Work instruction ▸ Look through the listing below for the line with "Table describing features" and the line with "best price,beesjuy,electric,body,hair,clipper,discount". Copy both, along with every line between them, exactly and with no pictures.

Exercise input ▸
[Start of section]

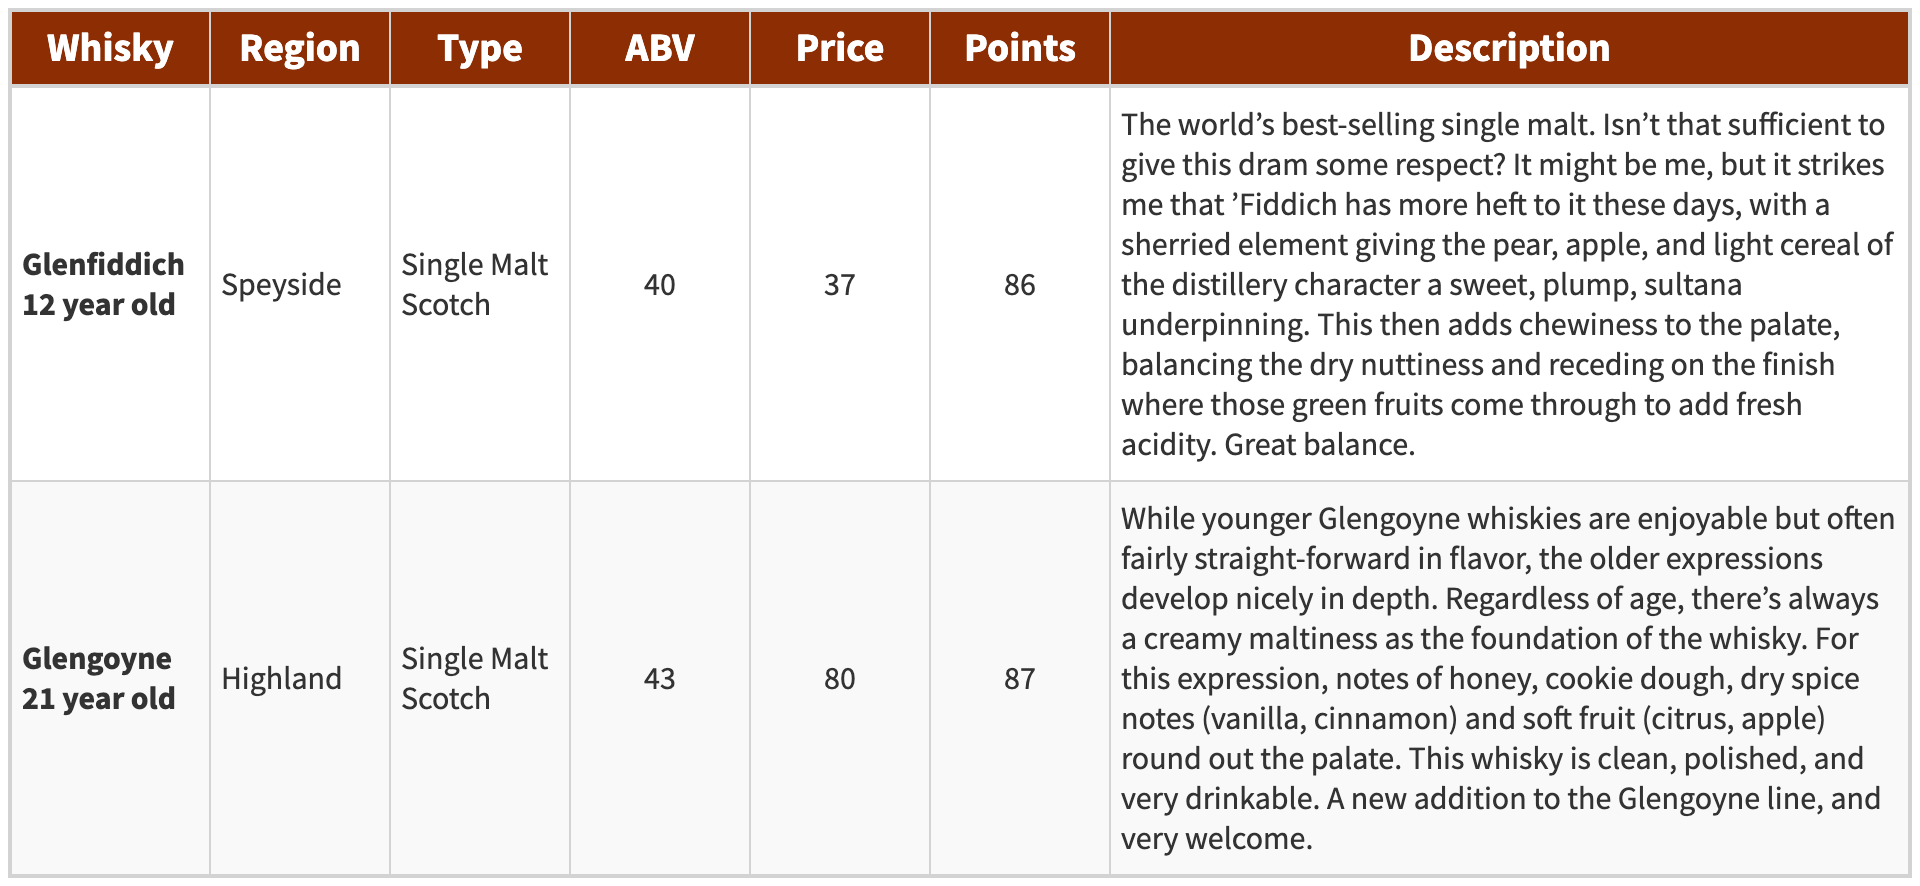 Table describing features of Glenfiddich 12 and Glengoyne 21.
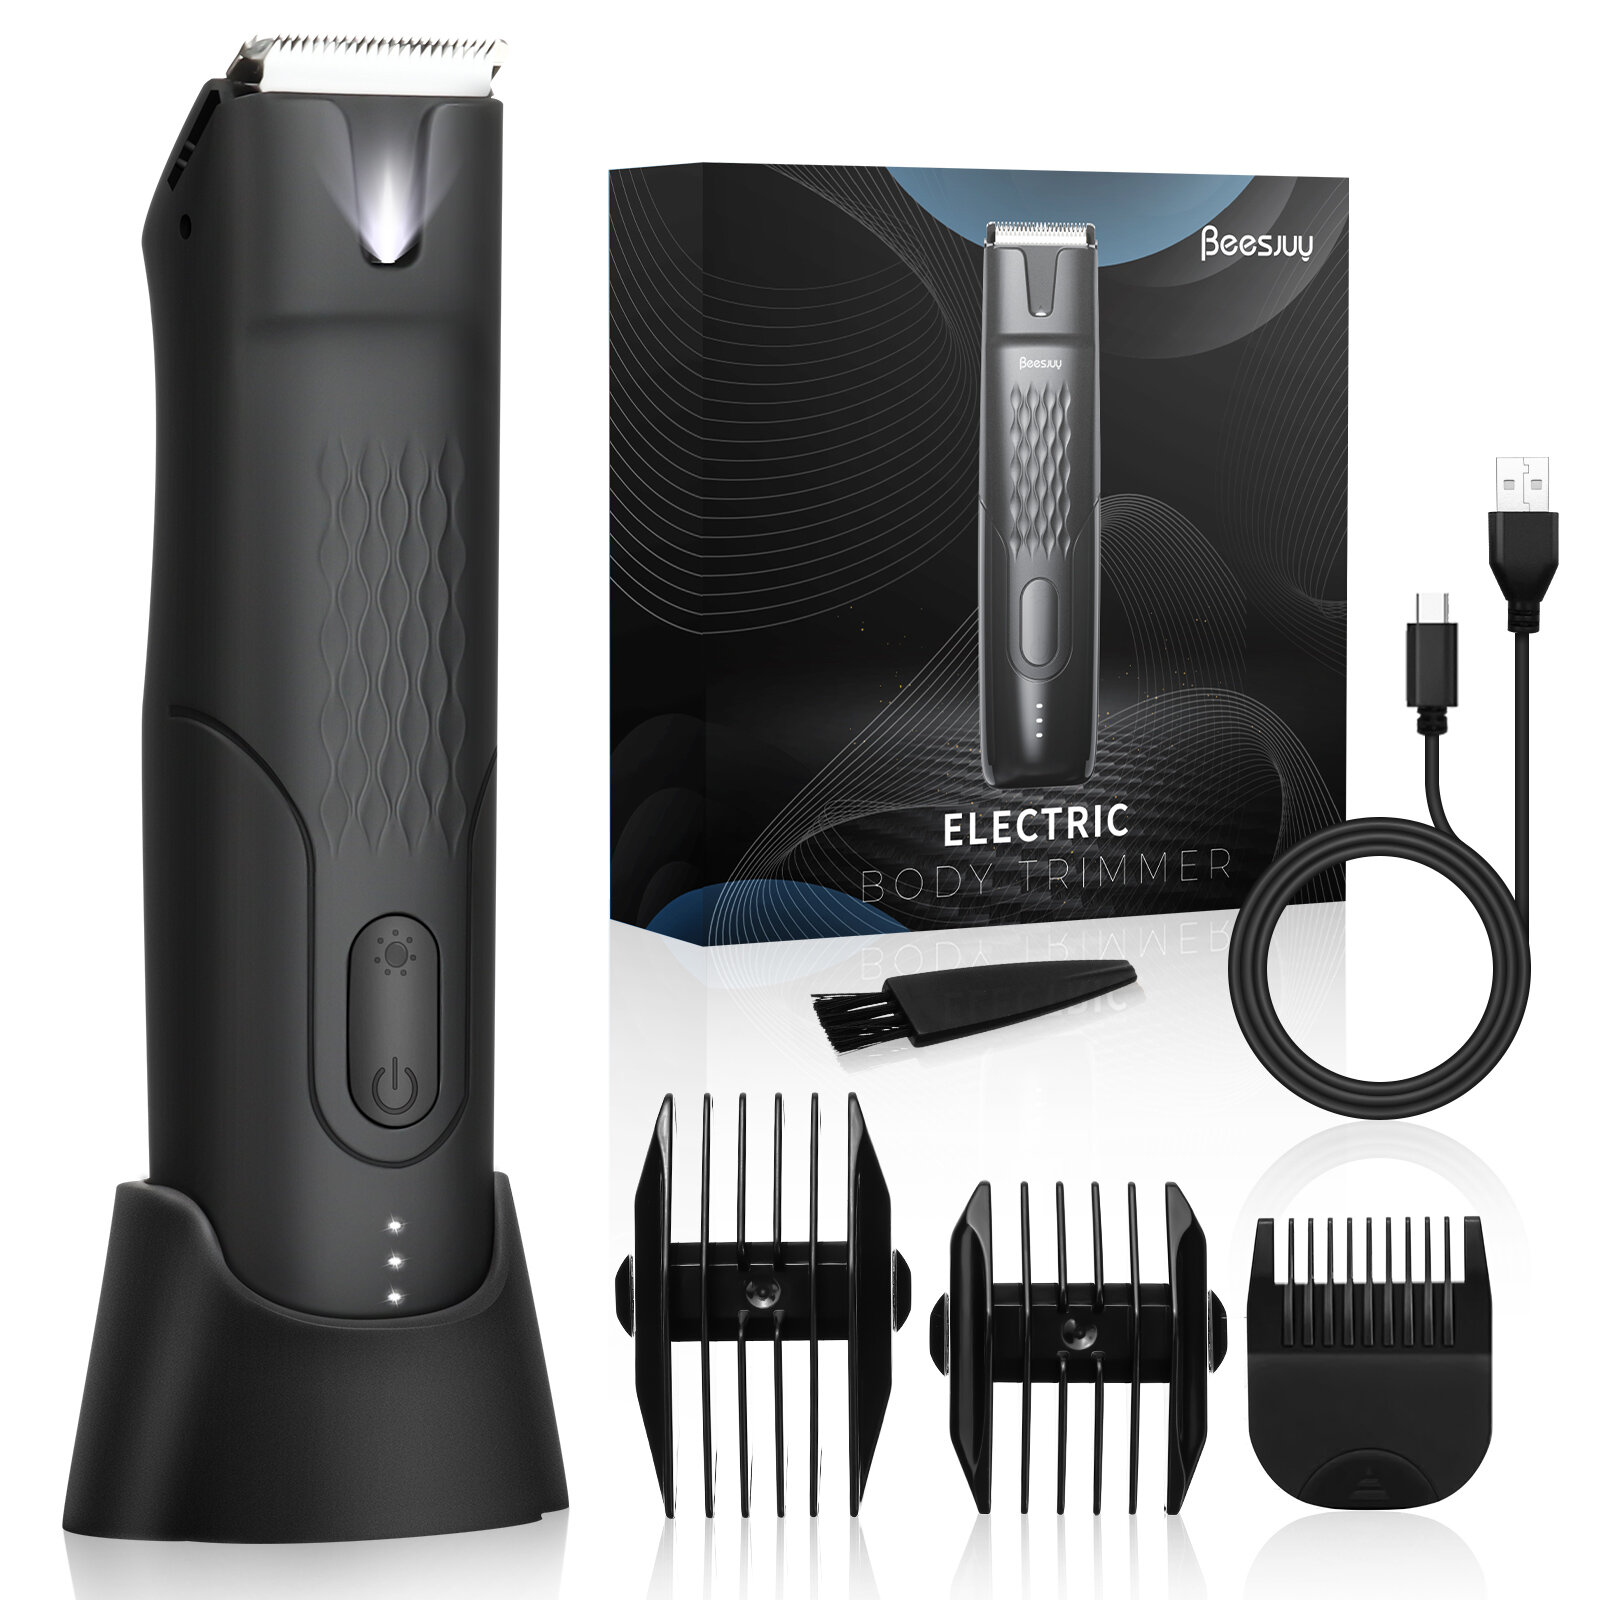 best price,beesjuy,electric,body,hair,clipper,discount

[End of section]
[Start of section]

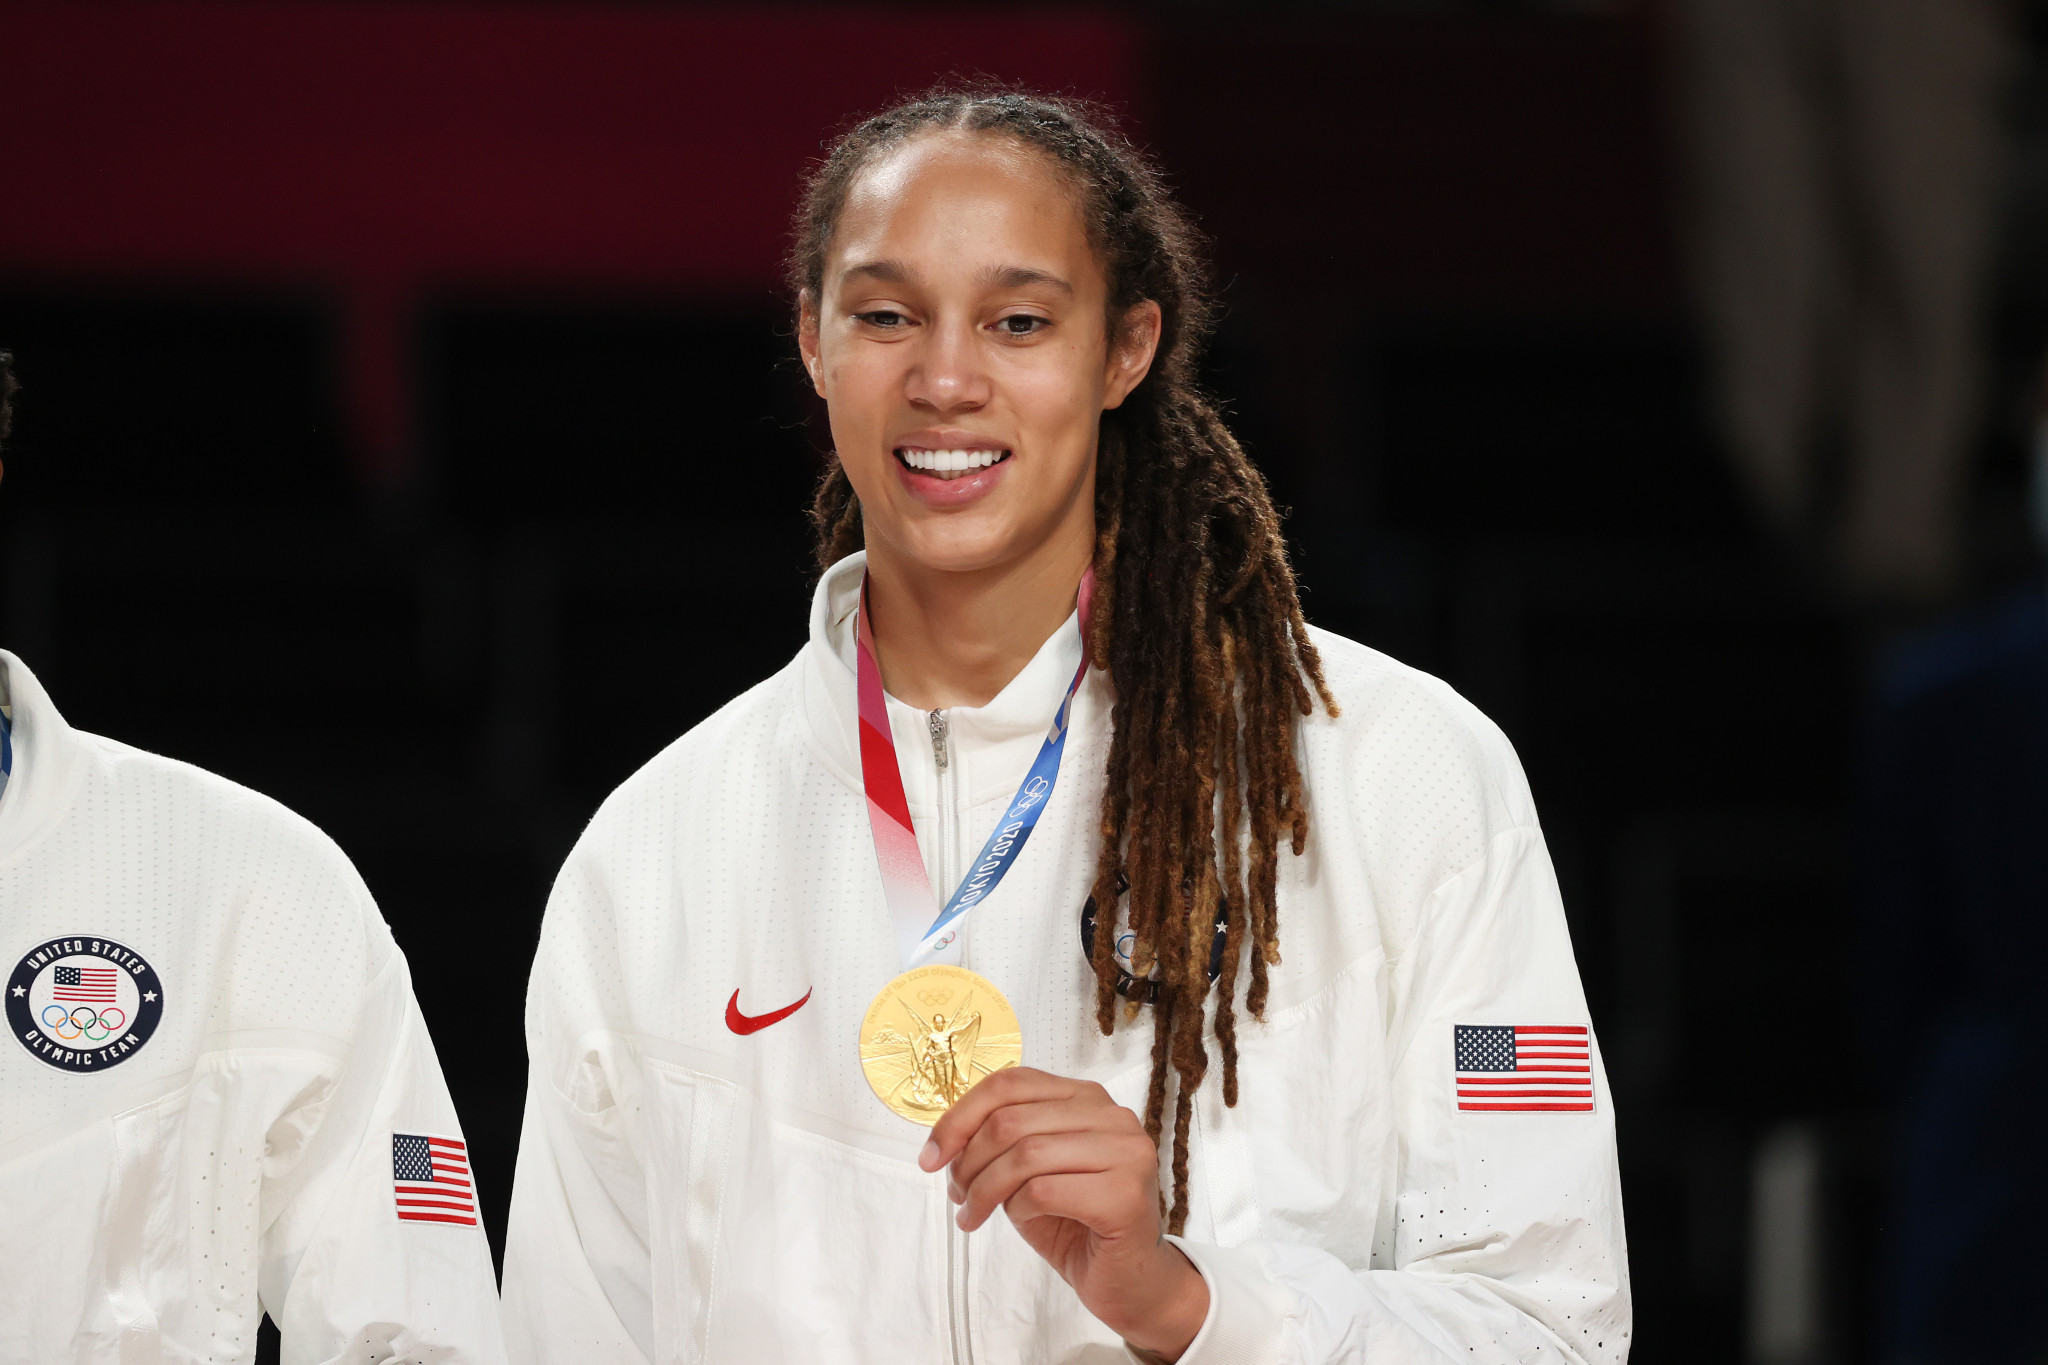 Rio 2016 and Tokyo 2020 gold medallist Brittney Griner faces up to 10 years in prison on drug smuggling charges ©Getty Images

[End of section]

Exercise result ▸
 Table describing features of Glenfiddich 12 and Glengoyne 21.
 best price,beesjuy,electric,body,hair,clipper,discount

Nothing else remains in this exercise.